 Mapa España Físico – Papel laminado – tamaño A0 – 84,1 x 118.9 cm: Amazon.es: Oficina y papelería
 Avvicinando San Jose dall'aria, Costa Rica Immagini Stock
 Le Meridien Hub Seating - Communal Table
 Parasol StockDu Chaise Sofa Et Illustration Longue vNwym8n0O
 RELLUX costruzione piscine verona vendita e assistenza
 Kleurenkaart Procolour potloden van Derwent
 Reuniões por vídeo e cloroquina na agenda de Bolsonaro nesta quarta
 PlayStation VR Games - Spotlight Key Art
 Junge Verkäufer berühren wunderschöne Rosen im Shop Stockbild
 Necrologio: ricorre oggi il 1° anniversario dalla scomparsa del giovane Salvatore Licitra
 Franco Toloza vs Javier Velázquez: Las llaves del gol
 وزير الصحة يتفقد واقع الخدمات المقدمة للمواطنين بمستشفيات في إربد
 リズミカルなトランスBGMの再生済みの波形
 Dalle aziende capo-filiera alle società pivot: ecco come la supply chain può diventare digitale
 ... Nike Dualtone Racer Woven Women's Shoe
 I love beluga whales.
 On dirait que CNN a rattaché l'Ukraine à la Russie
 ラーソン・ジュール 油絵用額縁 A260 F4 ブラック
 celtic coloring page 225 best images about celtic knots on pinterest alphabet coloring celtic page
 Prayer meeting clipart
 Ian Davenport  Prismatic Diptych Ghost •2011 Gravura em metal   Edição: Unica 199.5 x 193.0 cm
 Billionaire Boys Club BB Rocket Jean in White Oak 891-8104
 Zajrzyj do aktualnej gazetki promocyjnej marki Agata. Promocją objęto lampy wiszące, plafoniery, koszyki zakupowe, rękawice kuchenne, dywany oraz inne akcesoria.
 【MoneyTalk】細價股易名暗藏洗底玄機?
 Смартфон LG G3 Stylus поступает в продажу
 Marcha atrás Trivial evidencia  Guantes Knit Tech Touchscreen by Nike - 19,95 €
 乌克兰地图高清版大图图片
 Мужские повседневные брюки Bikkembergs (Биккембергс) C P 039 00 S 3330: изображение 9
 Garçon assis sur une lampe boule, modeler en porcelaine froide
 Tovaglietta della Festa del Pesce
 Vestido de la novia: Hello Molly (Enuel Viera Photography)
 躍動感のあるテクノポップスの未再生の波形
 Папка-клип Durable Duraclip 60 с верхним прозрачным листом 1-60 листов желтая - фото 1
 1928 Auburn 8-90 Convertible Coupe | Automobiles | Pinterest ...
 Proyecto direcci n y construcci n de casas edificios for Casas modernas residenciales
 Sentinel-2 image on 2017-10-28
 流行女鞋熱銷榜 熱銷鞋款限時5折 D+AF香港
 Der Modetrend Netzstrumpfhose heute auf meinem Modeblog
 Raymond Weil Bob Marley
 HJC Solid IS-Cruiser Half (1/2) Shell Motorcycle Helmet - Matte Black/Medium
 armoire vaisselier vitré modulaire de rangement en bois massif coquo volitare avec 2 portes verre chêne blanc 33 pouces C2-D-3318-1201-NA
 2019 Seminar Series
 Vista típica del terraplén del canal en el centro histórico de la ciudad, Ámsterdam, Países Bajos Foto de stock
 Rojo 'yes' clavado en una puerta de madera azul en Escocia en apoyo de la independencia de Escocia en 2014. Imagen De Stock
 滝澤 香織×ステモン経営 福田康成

============================================================

Assignment =
Beginning at the top of the entries above, output each line exactly, and end with the line in which "HJC Solid IS-Cruiser" appears.

Answer space =
 Mapa España Físico – Papel laminado – tamaño A0 – 84,1 x 118.9 cm: Amazon.es: Oficina y papelería
 Avvicinando San Jose dall'aria, Costa Rica Immagini Stock
 Le Meridien Hub Seating - Communal Table
 Parasol StockDu Chaise Sofa Et Illustration Longue vNwym8n0O
 RELLUX costruzione piscine verona vendita e assistenza
 Kleurenkaart Procolour potloden van Derwent
 Reuniões por vídeo e cloroquina na agenda de Bolsonaro nesta quarta
 PlayStation VR Games - Spotlight Key Art
 Junge Verkäufer berühren wunderschöne Rosen im Shop Stockbild
 Necrologio: ricorre oggi il 1° anniversario dalla scomparsa del giovane Salvatore Licitra
 Franco Toloza vs Javier Velázquez: Las llaves del gol
 وزير الصحة يتفقد واقع الخدمات المقدمة للمواطنين بمستشفيات في إربد
 リズミカルなトランスBGMの再生済みの波形
 Dalle aziende capo-filiera alle società pivot: ecco come la supply chain può diventare digitale
 ... Nike Dualtone Racer Woven Women's Shoe
 I love beluga whales.
 On dirait que CNN a rattaché l'Ukraine à la Russie
 ラーソン・ジュール 油絵用額縁 A260 F4 ブラック
 celtic coloring page 225 best images about celtic knots on pinterest alphabet coloring celtic page
 Prayer meeting clipart
 Ian Davenport  Prismatic Diptych Ghost •2011 Gravura em metal   Edição: Unica 199.5 x 193.0 cm
 Billionaire Boys Club BB Rocket Jean in White Oak 891-8104
 Zajrzyj do aktualnej gazetki promocyjnej marki Agata. Promocją objęto lampy wiszące, plafoniery, koszyki zakupowe, rękawice kuchenne, dywany oraz inne akcesoria.
 【MoneyTalk】細價股易名暗藏洗底玄機?
 Смартфон LG G3 Stylus поступает в продажу
 Marcha atrás Trivial evidencia  Guantes Knit Tech Touchscreen by Nike - 19,95 €
 乌克兰地图高清版大图图片
 Мужские повседневные брюки Bikkembergs (Биккембергс) C P 039 00 S 3330: изображение 9
 Garçon assis sur une lampe boule, modeler en porcelaine froide
 Tovaglietta della Festa del Pesce
 Vestido de la novia: Hello Molly (Enuel Viera Photography)
 躍動感のあるテクノポップスの未再生の波形
 Папка-клип Durable Duraclip 60 с верхним прозрачным листом 1-60 листов желтая - фото 1
 1928 Auburn 8-90 Convertible Coupe | Automobiles | Pinterest ...
 Proyecto direcci n y construcci n de casas edificios for Casas modernas residenciales
 Sentinel-2 image on 2017-10-28
 流行女鞋熱銷榜 熱銷鞋款限時5折 D+AF香港
 Der Modetrend Netzstrumpfhose heute auf meinem Modeblog
 Raymond Weil Bob Marley
 HJC Solid IS-Cruiser Half (1/2) Shell Motorcycle Helmet - Matte Black/Medium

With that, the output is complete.